The image-to-video capability transforms still photographs into dynamic 8-second video clips with sound, rolling out to Google AI Pro and Ultra subscribers in select countries. The feature maintains character consistency across multiple shots while providing rich camera movement options including dolly shots for professional video creation.

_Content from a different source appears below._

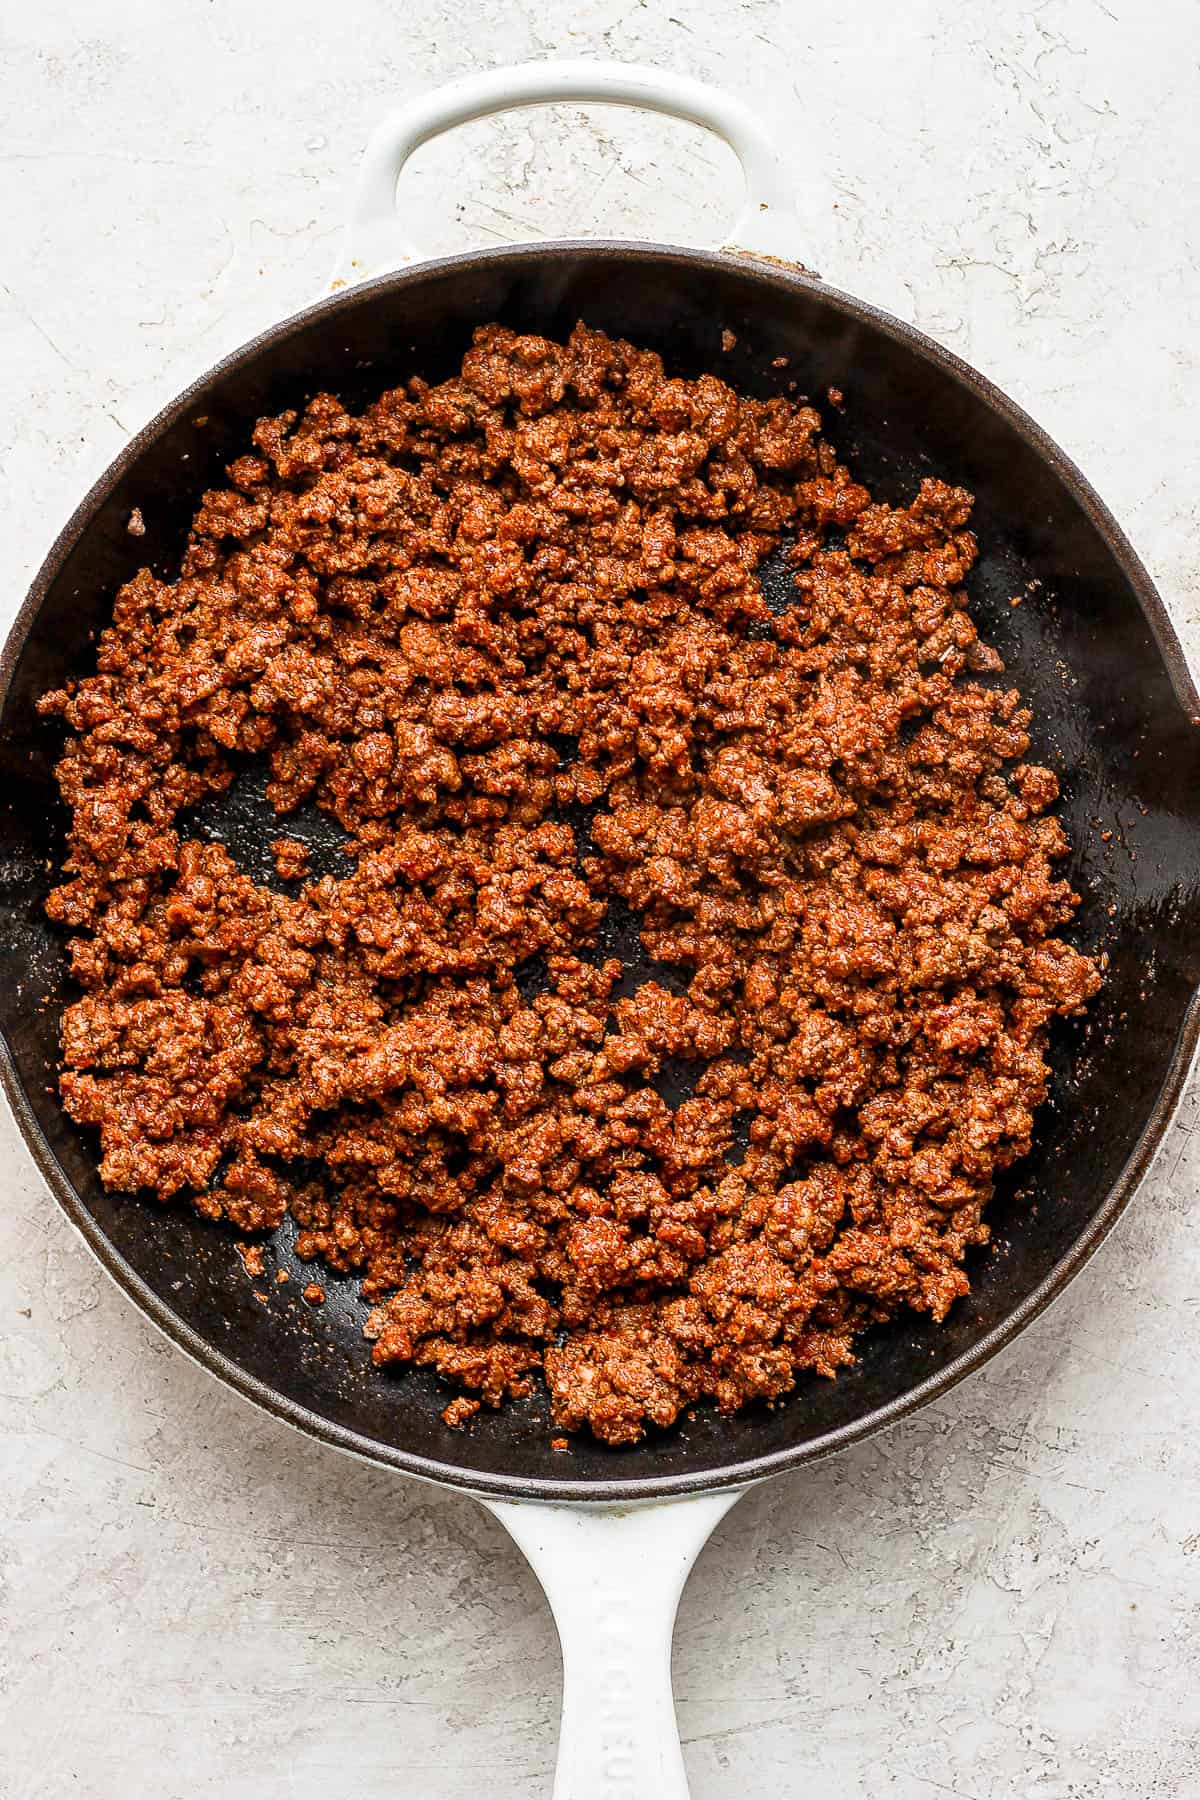 Seasonings mixed throughout the ground beef.

8️⃣ Mistral AI Releases Devstral2507: Built for Code-Centric Language Modeling

Mistral AI has partnered with All Hands AI to launch the Devstral2507 series models, including open-source Devstral Small 1.1 and enterprise-grade Devstral Medium2507. These models focus on code reasoning, program synthesis, and structured task execution, suitable for practical applications in large software codebases with impressive benchmark performance.

Model Performance:

  • Benchmark Excellence: Devstral Small 1.1 achieves 53.6% score on SWE-Bench benchmark testing, while Devstral Medium2507 scores 61.6%
  • Commercial Outperformance: Performance surpasses some commercial models in code-centric tasks and software engineering applications
  • Specialized Focus: Models specifically designed for code reasoning, program synthesis, and structured task execution in enterprise environments

The series represents advancement in specialized AI models for software development, with Devstral Small 1.1 available as open-source for local deployment while Devstral Medium2507 targets enterprise applications through API access, demonstrating superior performance in agentic coding tasks and tool use patterns compared to traditional copilot-style systems.